Suppose I have the following table definition:
CREATE TABLE x (i serial primary key, value integer not null);
I want to calculate the MEDIAN of value
(not the AVG). The median is a value that divides the set in two subsets containing the same number of elements.
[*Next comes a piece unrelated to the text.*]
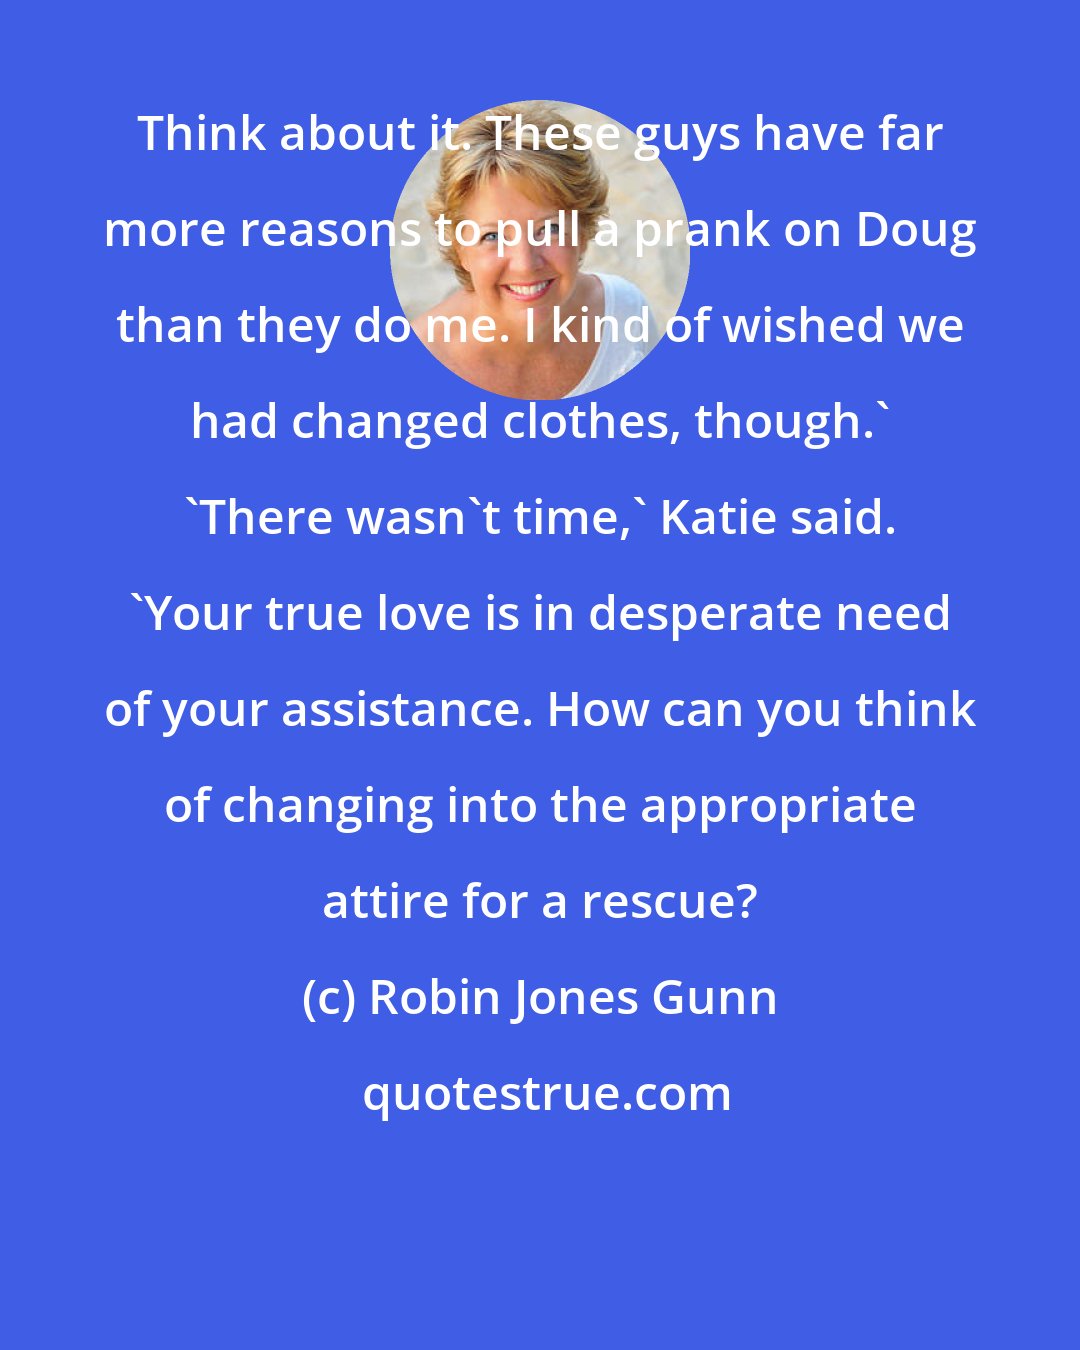 Robin Jones Gunn: Think about it. These guys have far more reasons to pull a prank on Doug than they do me. I kind of wished we had changed clothes, though.' 'There wasn't time,' Katie said. 'Your true love is in desperate need of your assistance. How can you think of changing into the appropriate attire for a rescue?

If the number of elements is even, the median is the average of the biggest value in the lowest segment and the lowest value of the biggest segment. (See wikipedia for more details.)
Here is how I manage to calculate the MEDIAN but I guess there must be a better way:
SELECT AVG(values_around_median) AS median
FROM (
SELECT
DISTINCT(CASE WHEN FIRST_VALUE(above) OVER w2 THEN MIN(value) OVER w3 ELSE MAX(value) OVER w2 END)
AS values_around_median
FROM (
SELECT LAST_VALUE(value) OVER w AS value,
SUM(COUNT(*)) OVER w > (SELECT count(*)/2 FROM x) AS above
FROM x
GROUP BY value
WINDOW w AS (ORDER BY value)
ORDER BY value
) AS find_if_values_are_above_or_below_median
WINDOW w2 AS (PARTITION BY above ORDER BY value DESC),
w3 AS (PARTITION BY above ORDER BY value ASC)
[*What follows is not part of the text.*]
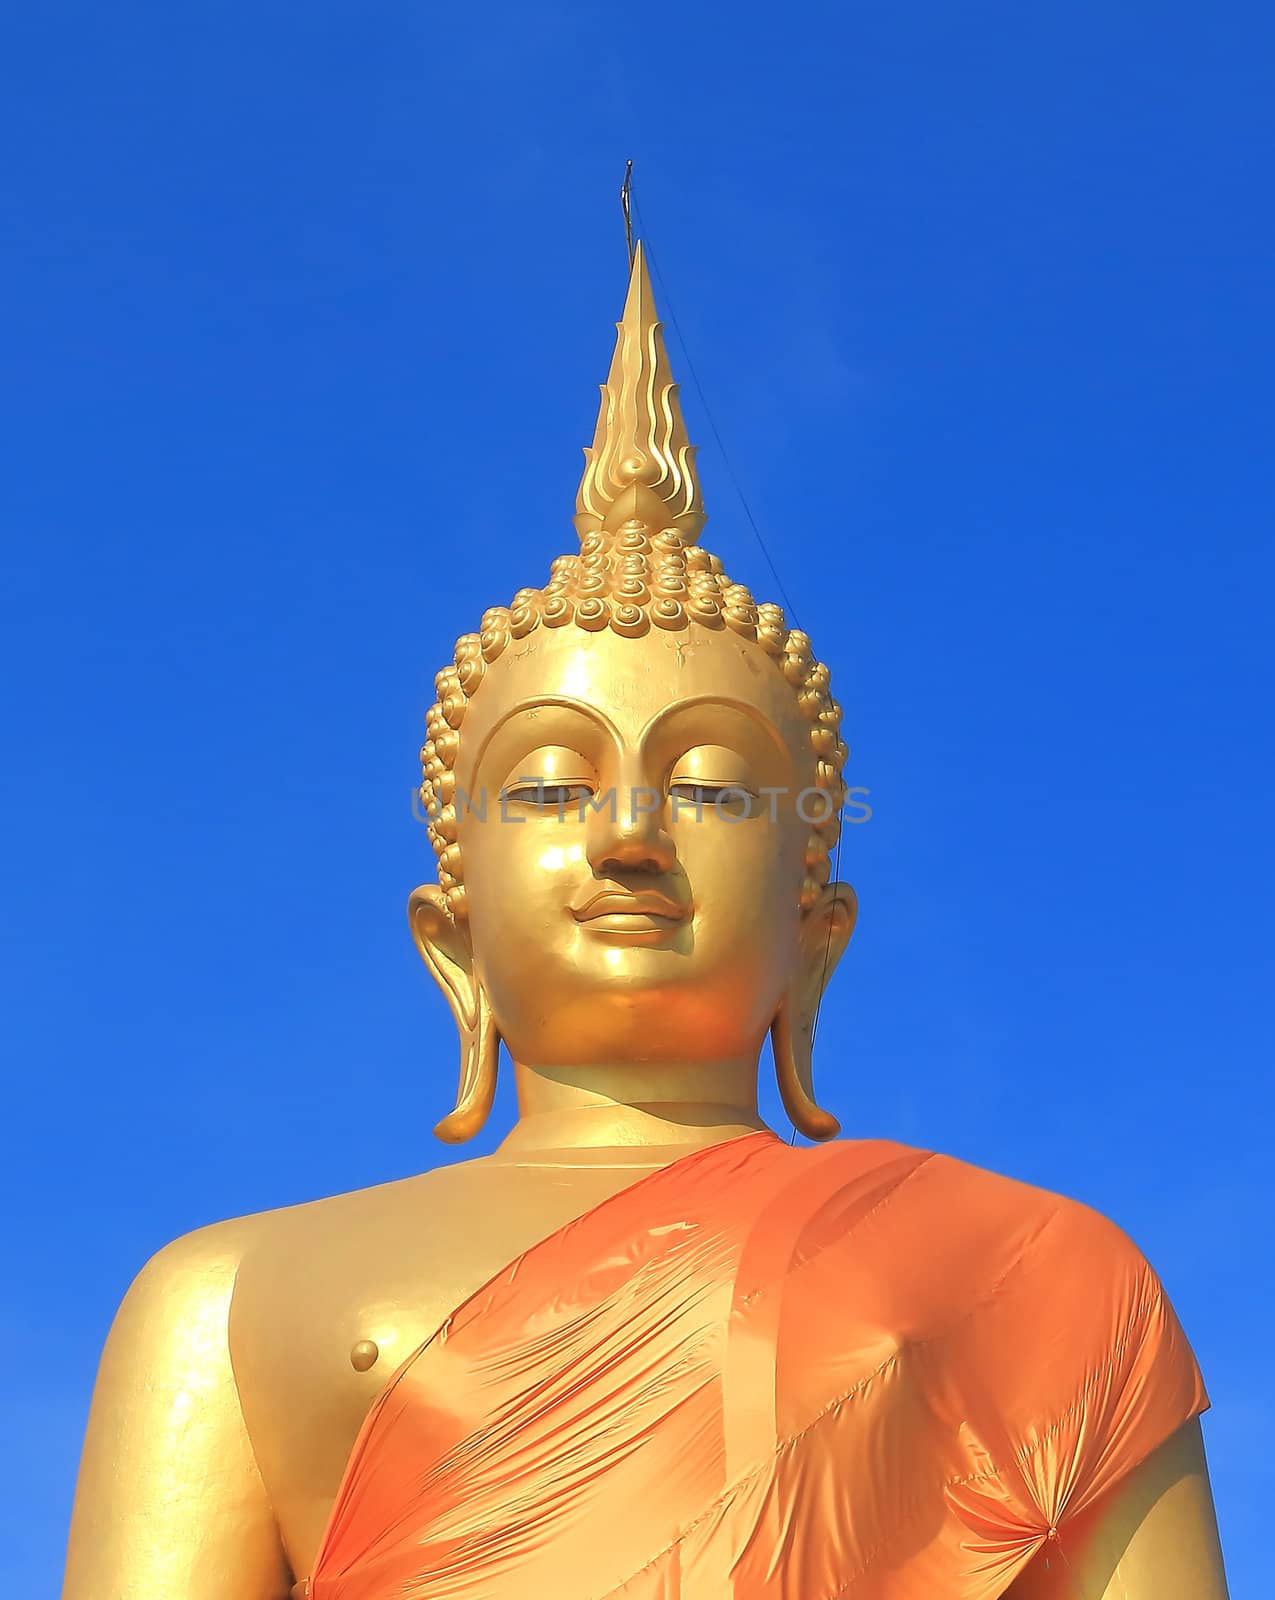 A golden buddha statue with a blue sky, Pathumthani, Thailand

) AS find_values_around_median
Any ideas?
Yes, with PostgreSQL 9.4, you can use the newly introduced inverse distribution function PERCENTILE_CONT()
, an ordered-set aggregate function that is specified in the SQL standard as well.
WITH t(value) AS (
SELECT 1 UNION ALL
SELECT 2 UNION ALL
SELECT 100
)
SELECT
percentile_cont(0.5) WITHIN GROUP (ORDER BY value)
FROM
t;
This emulation of MEDIAN()
via PERCENTILE_CONT()
is also documented here.
Indeed there IS an easier way. In Postgres you can define your own aggregate functions. I posted functions to do median as well as mode and range to the PostgreSQL snippets library a while back.